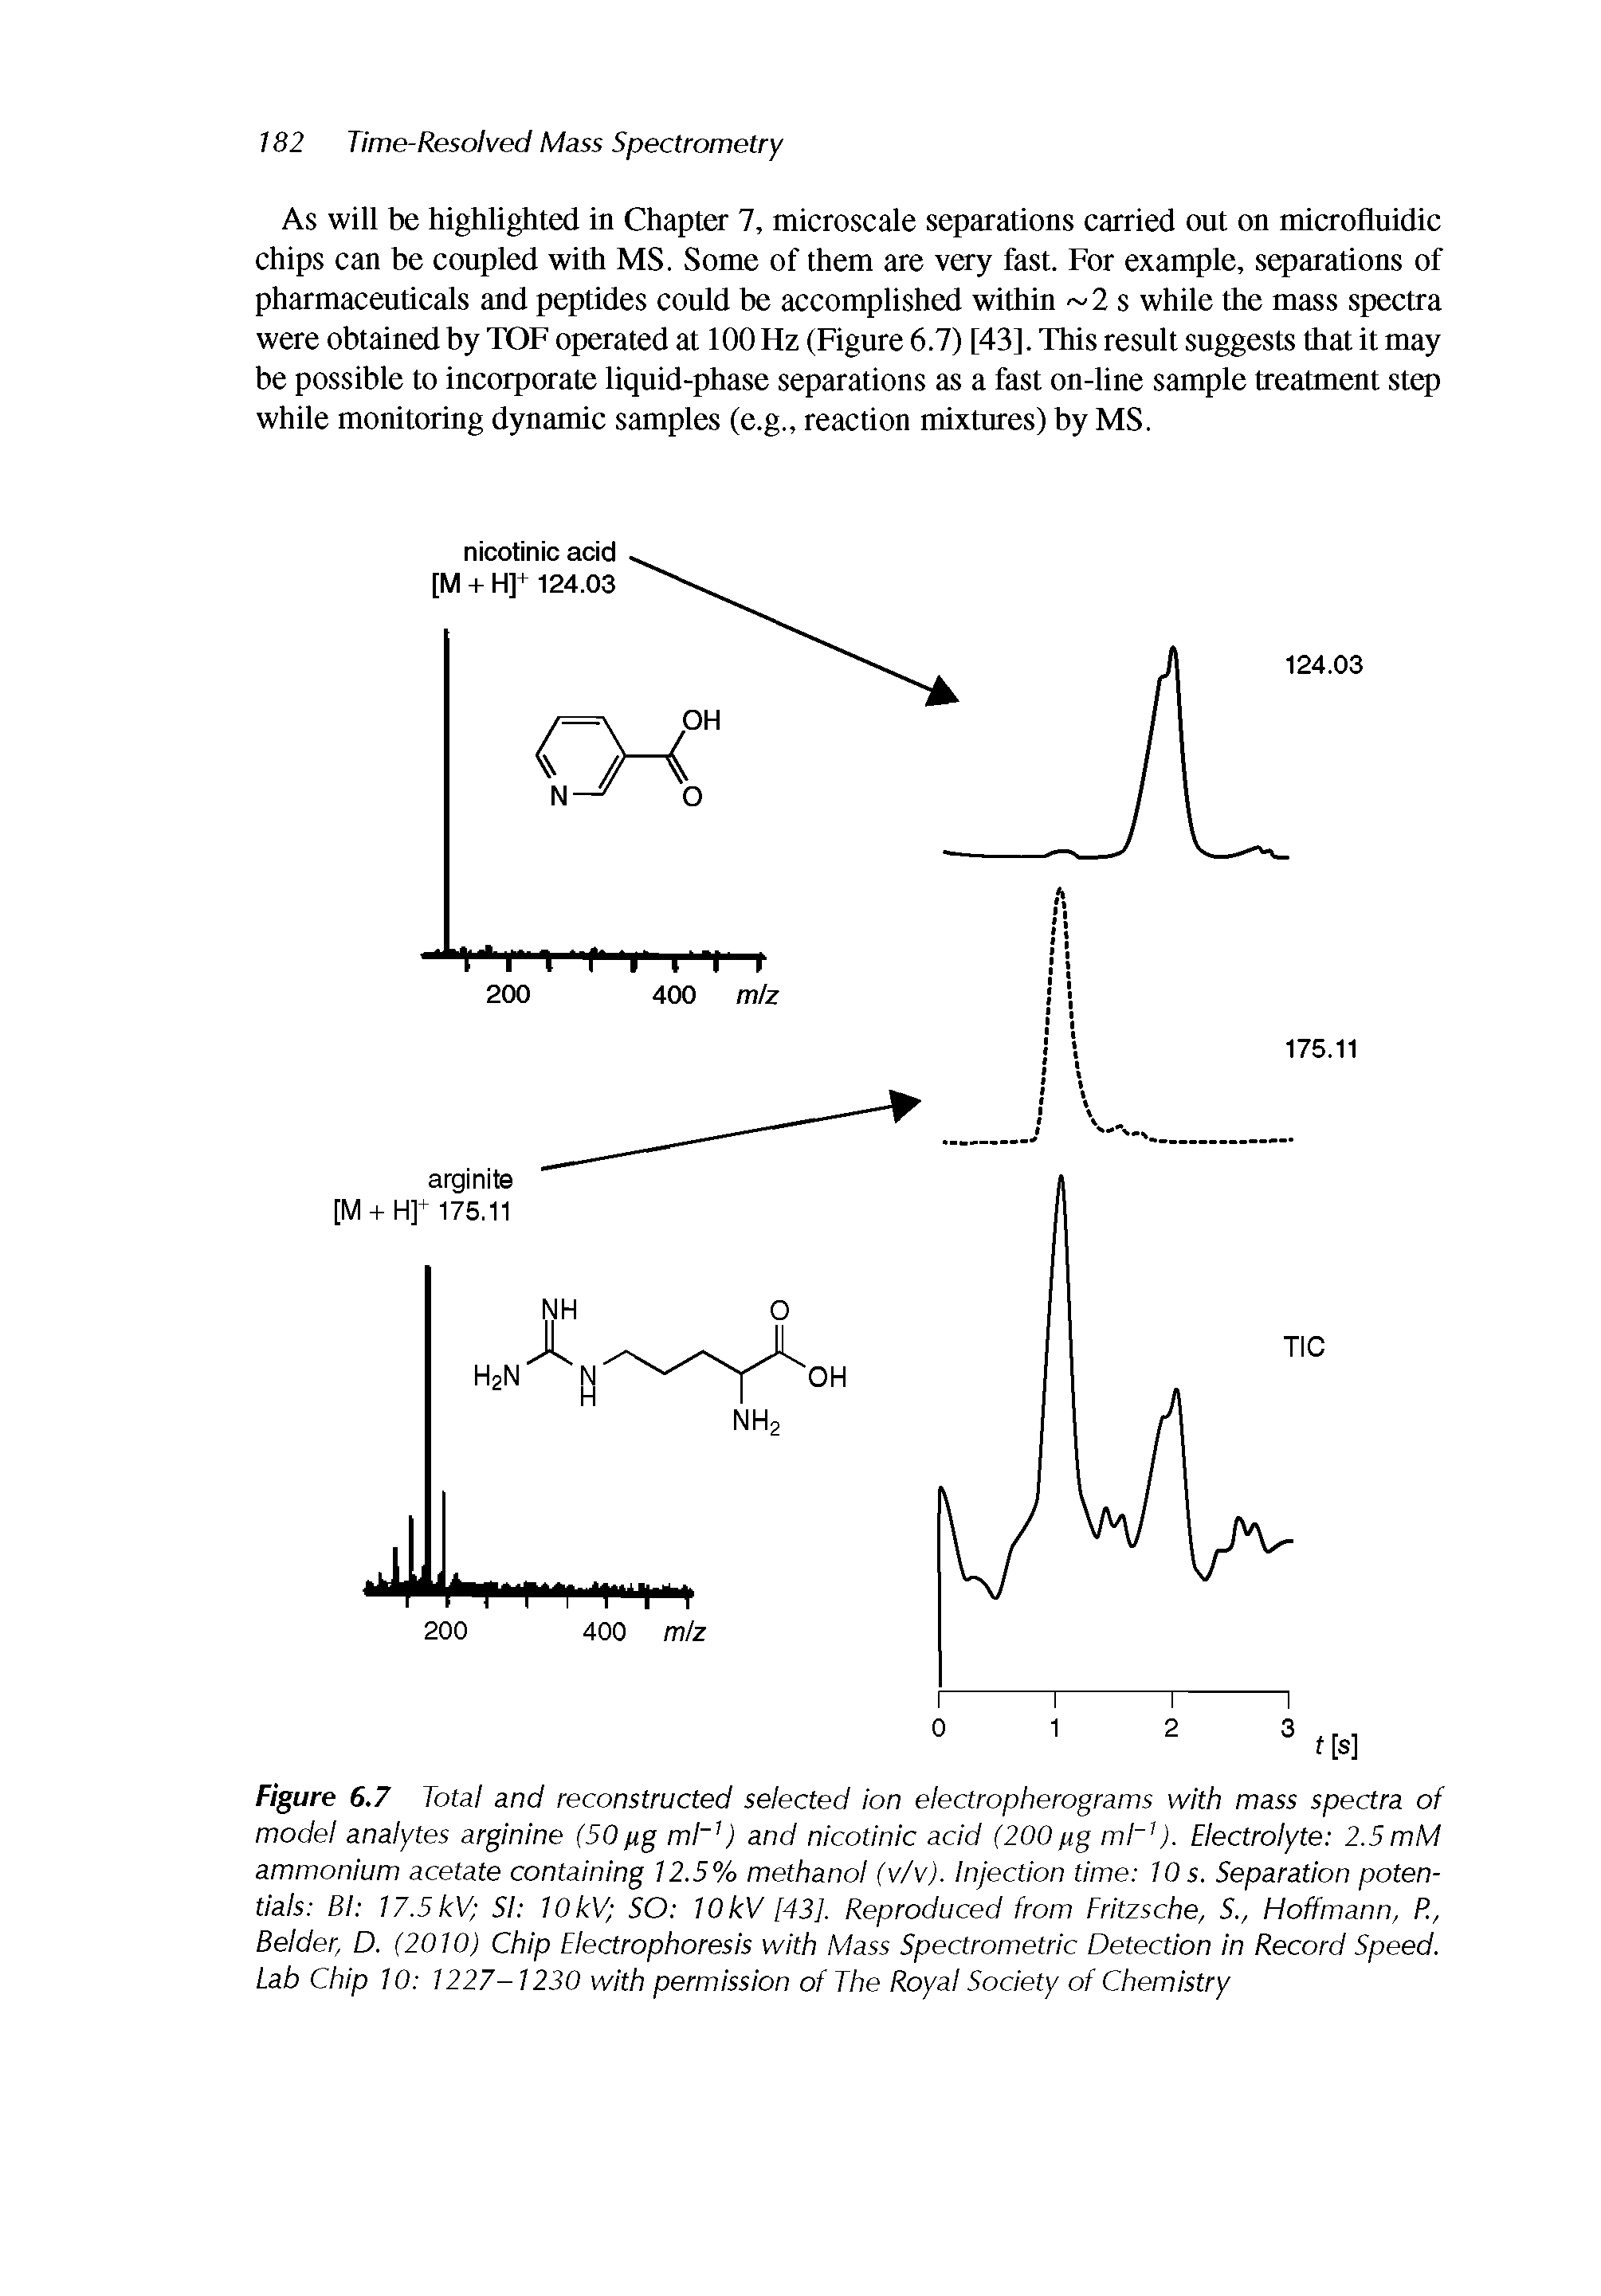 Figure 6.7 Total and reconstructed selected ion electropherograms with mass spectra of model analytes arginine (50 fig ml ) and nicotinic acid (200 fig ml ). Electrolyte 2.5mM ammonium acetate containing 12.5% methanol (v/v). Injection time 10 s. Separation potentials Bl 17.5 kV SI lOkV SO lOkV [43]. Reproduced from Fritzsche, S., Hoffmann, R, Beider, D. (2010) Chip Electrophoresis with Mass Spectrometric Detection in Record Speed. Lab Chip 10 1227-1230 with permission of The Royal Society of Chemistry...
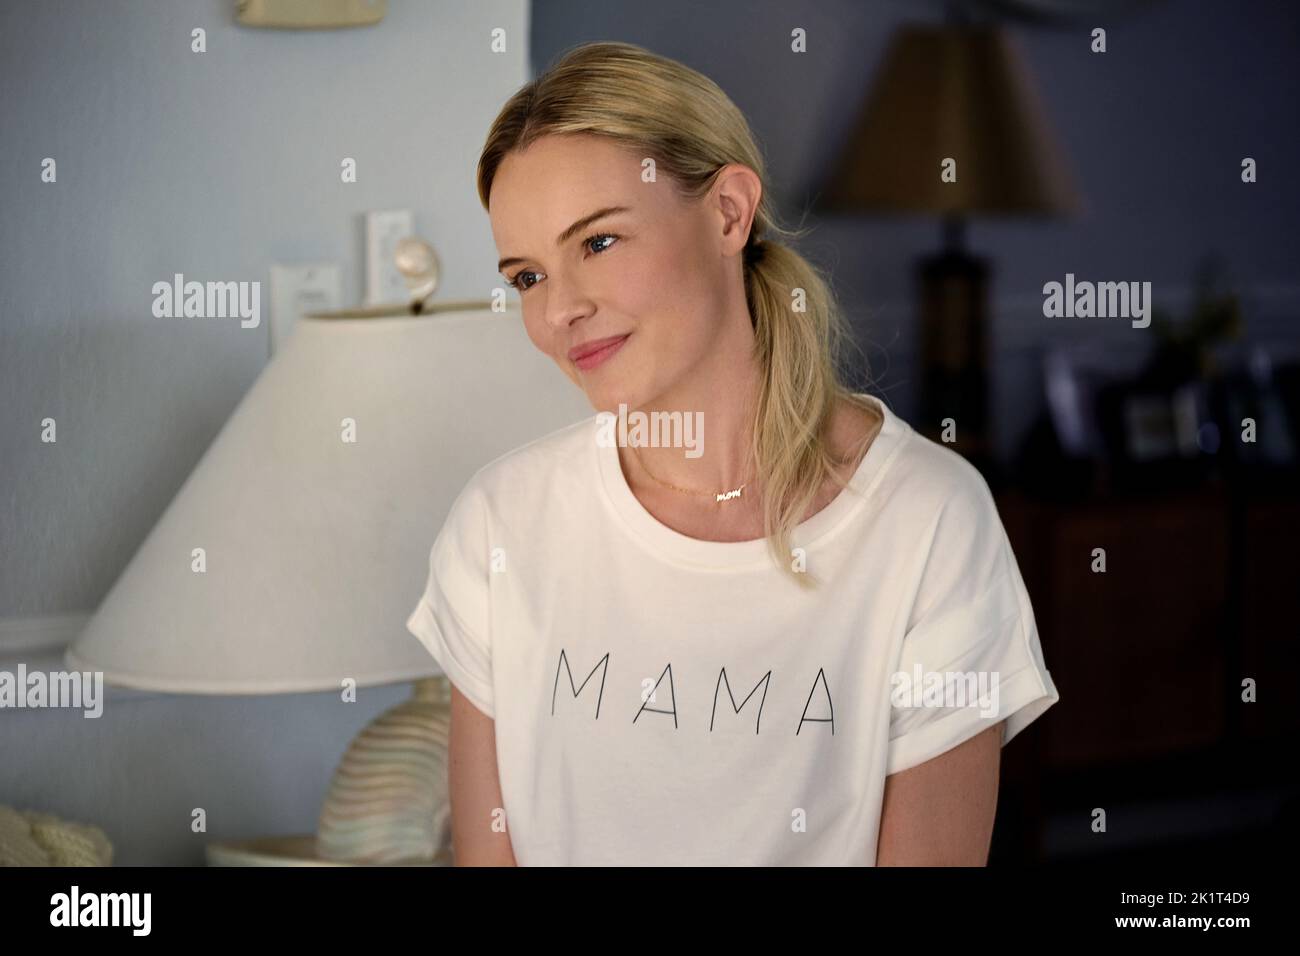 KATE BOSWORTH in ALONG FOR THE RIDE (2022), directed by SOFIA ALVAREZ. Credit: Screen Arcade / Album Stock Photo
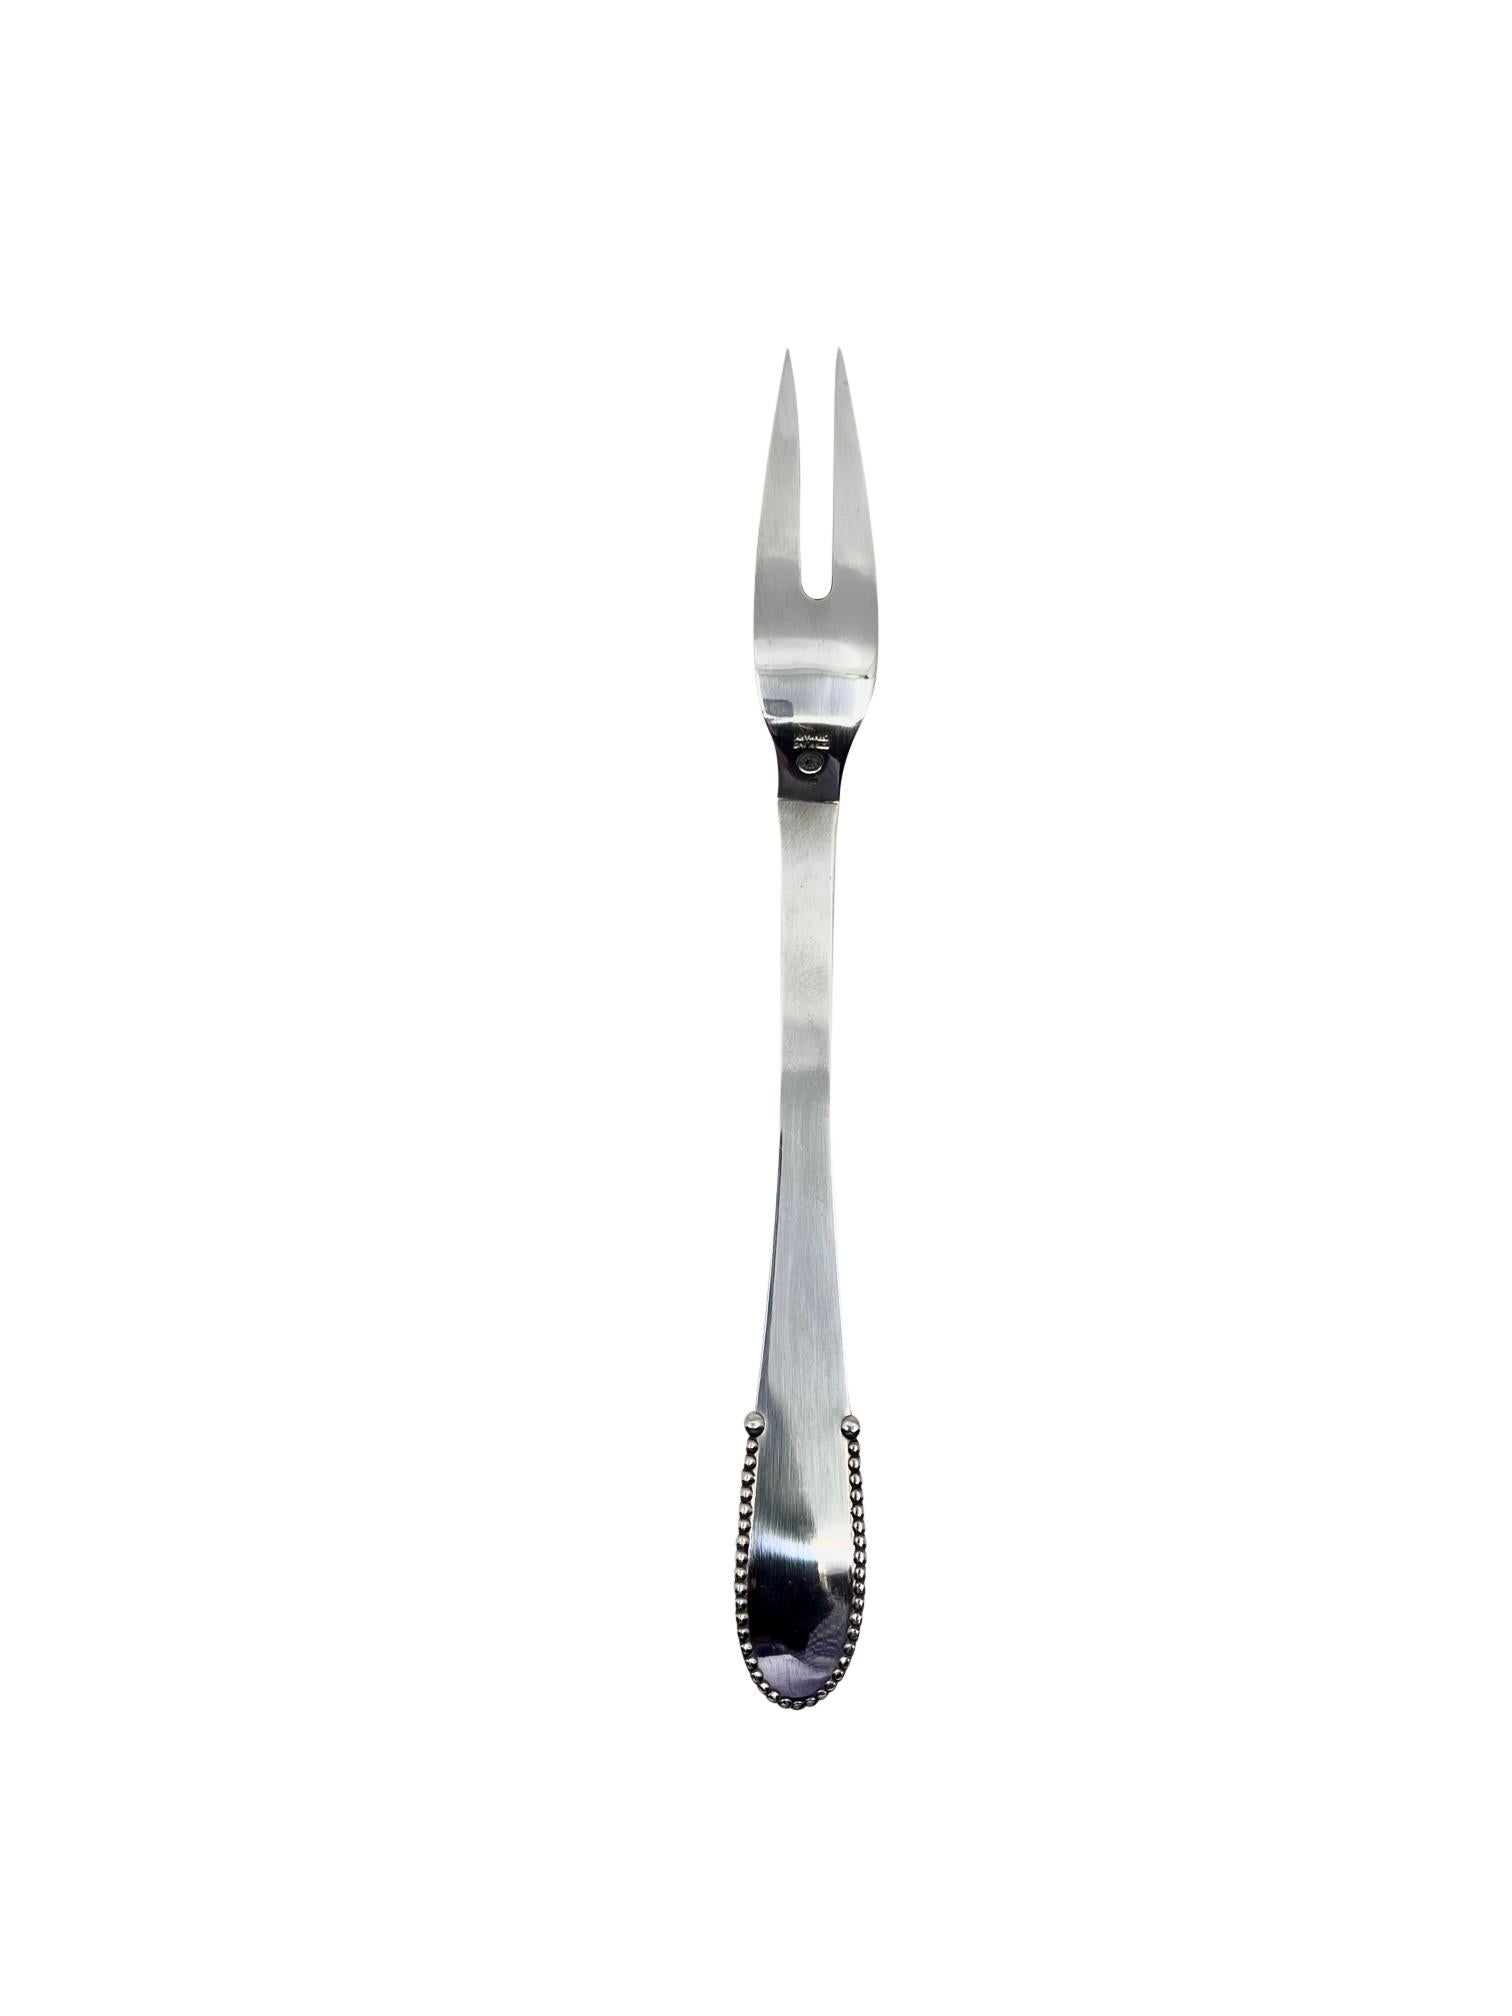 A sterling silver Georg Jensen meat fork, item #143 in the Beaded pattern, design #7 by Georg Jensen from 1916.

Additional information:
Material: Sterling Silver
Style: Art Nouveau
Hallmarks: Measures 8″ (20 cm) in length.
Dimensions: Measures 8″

---+---

Each line of the data should be quoted exactly, with pictures left out.

#### [FINISHED EXERCISE]
 Figure 6.7 Total and reconstructed selected ion electropherograms with mass spectra of model analytes arginine (50 fig ml ) and nicotinic acid (200 fig ml ). Electrolyte 2.5mM ammonium acetate containing 12.5% methanol (v/v). Injection time 10 s. Separation potentials Bl 17.5 kV SI lOkV SO lOkV [43]. Reproduced from Fritzsche, S., Hoffmann, R, Beider, D. (2010) Chip Electrophoresis with Mass Spectrometric Detection in Record Speed. Lab Chip 10 1227-1230 with permission of The Royal Society of Chemistry...
 KATE BOSWORTH in ALONG FOR THE RIDE (2022), directed by SOFIA ALVAREZ. Credit: Screen Arcade / Album Stock Photo
 A sterling silver Georg Jensen meat fork, item #143 in the Beaded pattern, design #7 by Georg Jensen from 1916.

Additional information:
Material: Sterling Silver
Style: Art Nouveau
Hallmarks: Measures 8″ (20 cm) in length.
Dimensions: Measures 8″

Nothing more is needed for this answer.